Dataset section below:
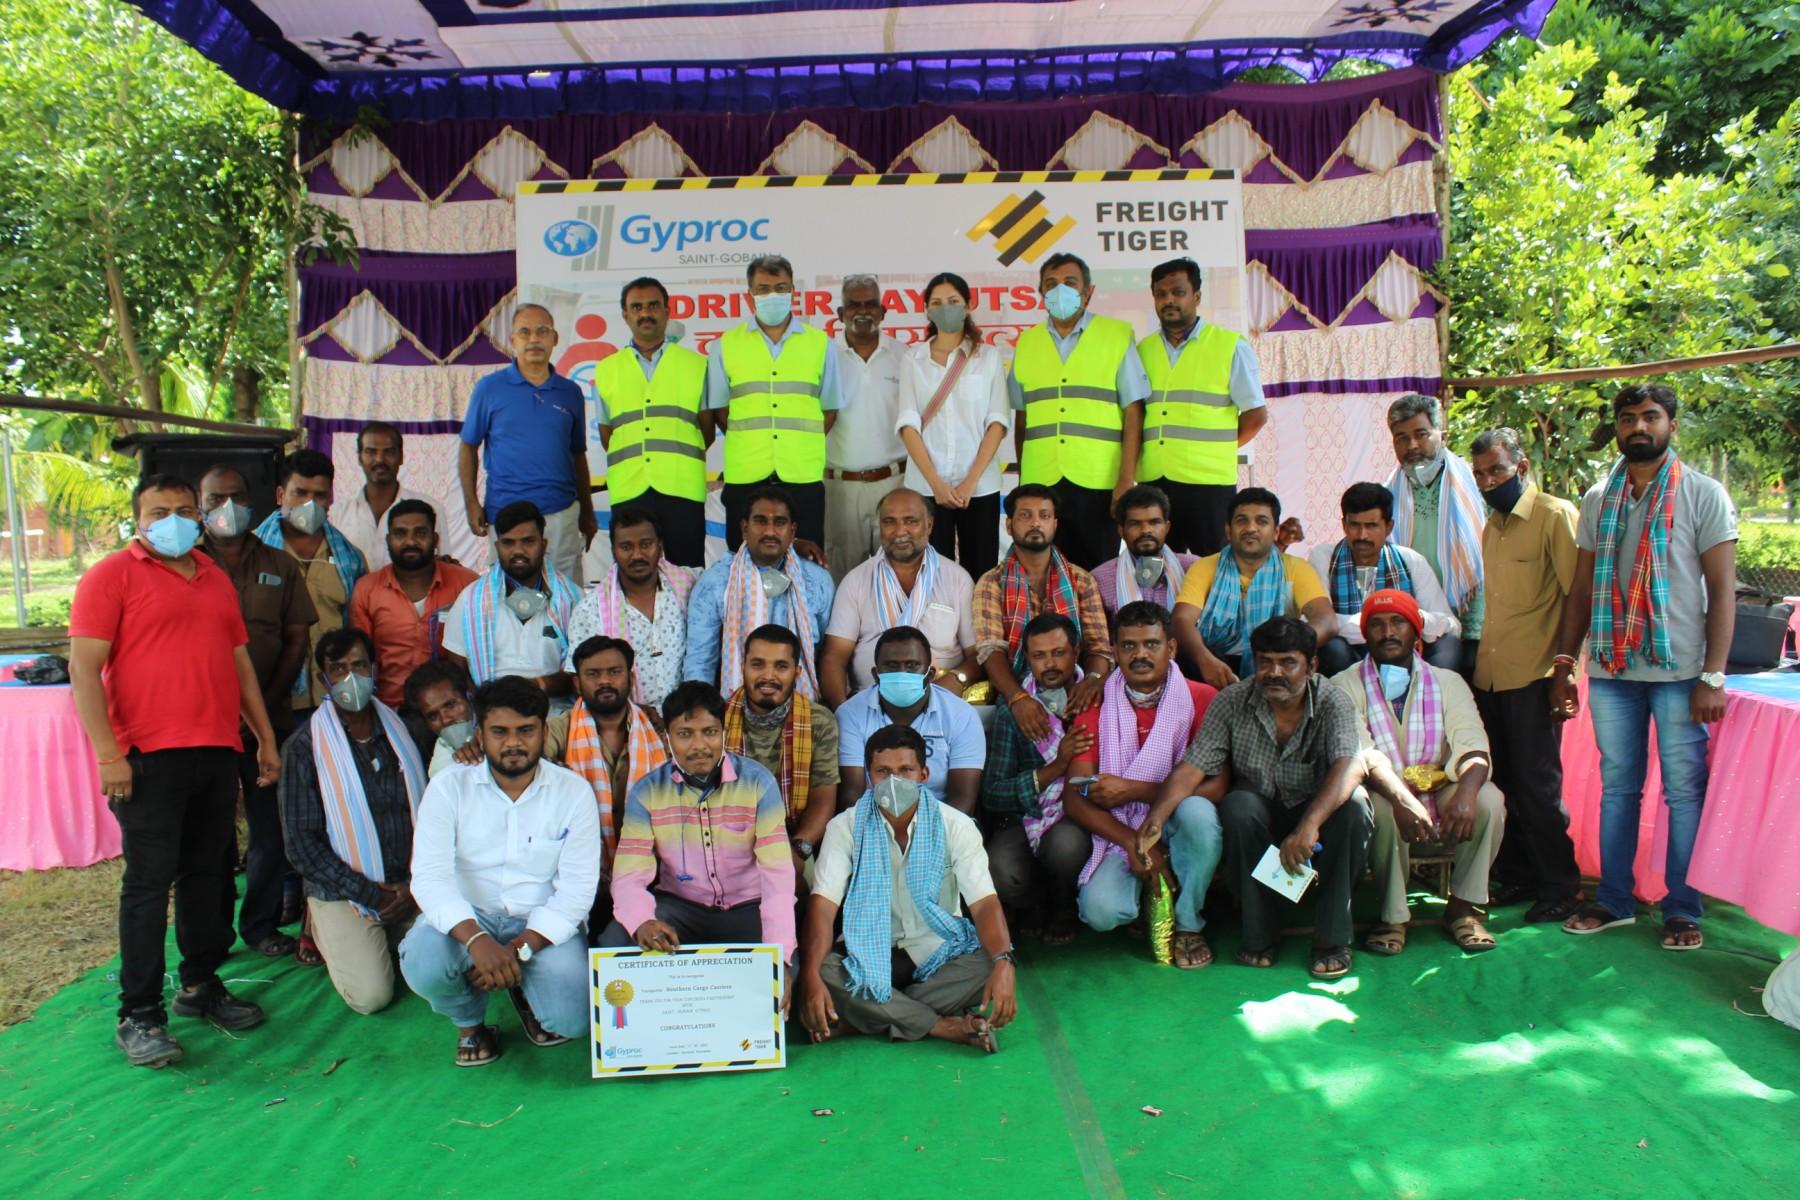 Drivers Day Utsav- thoda jamke with Freight Tiger, Saint Gobain Gyproc and Transport Mitra
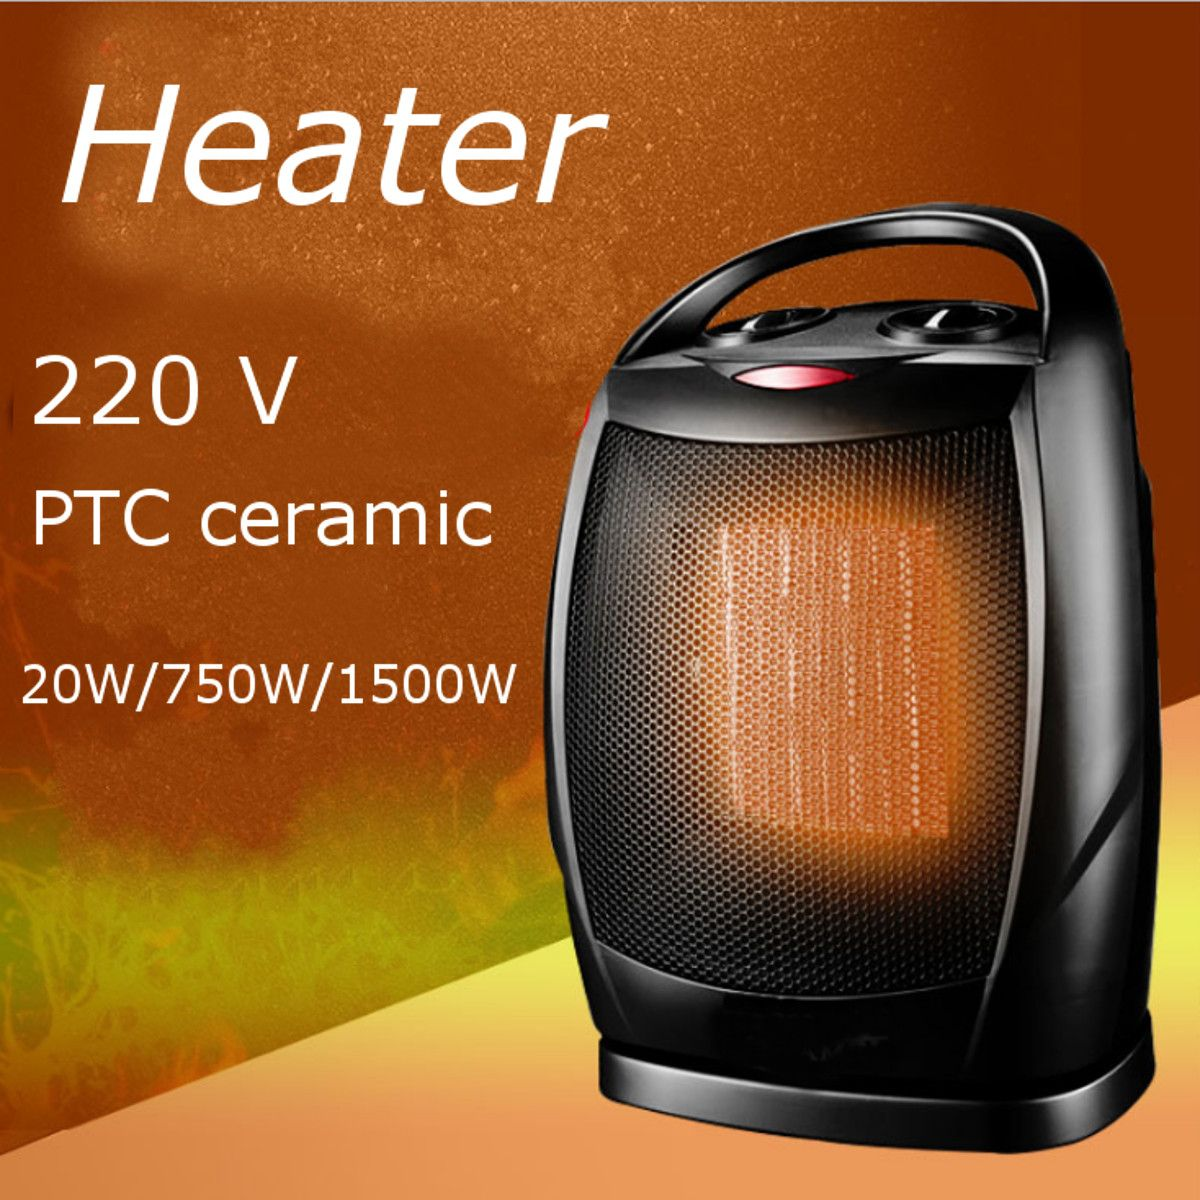 Indoor PTC Ceramic Electric Portable Heater Mini Energy Saving Desktop Fan Heater Shake Head Radiator Warmer With Thermostat
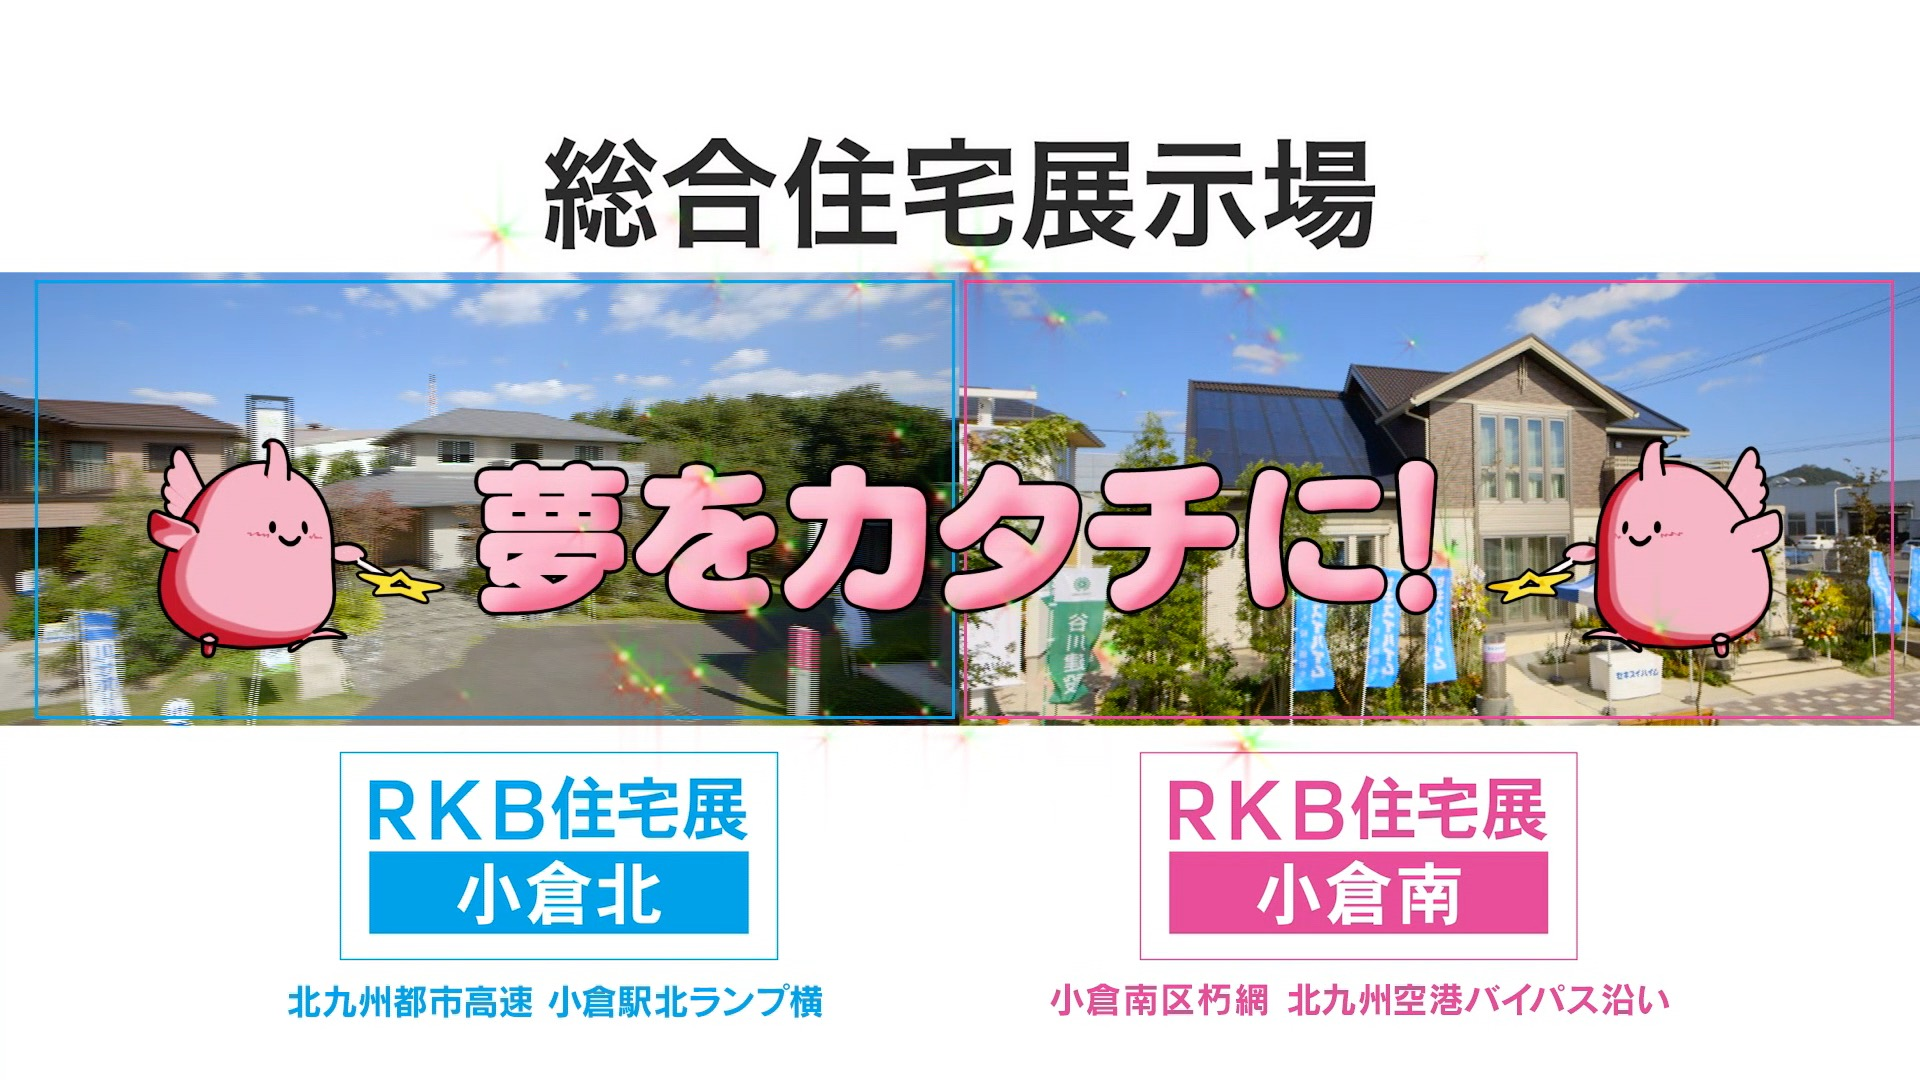 RKB住宅展 小倉北 小倉南 TVCM
End of Dataset section.
Leave out the pictures, and retype exactly the lines from the one containing "Indoor PTC Ceramic" through the last line of the data above, no more and no less.

 Indoor PTC Ceramic Electric Portable Heater Mini Energy Saving Desktop Fan Heater Shake Head Radiator Warmer With Thermostat
 RKB住宅展 小倉北 小倉南 TVCM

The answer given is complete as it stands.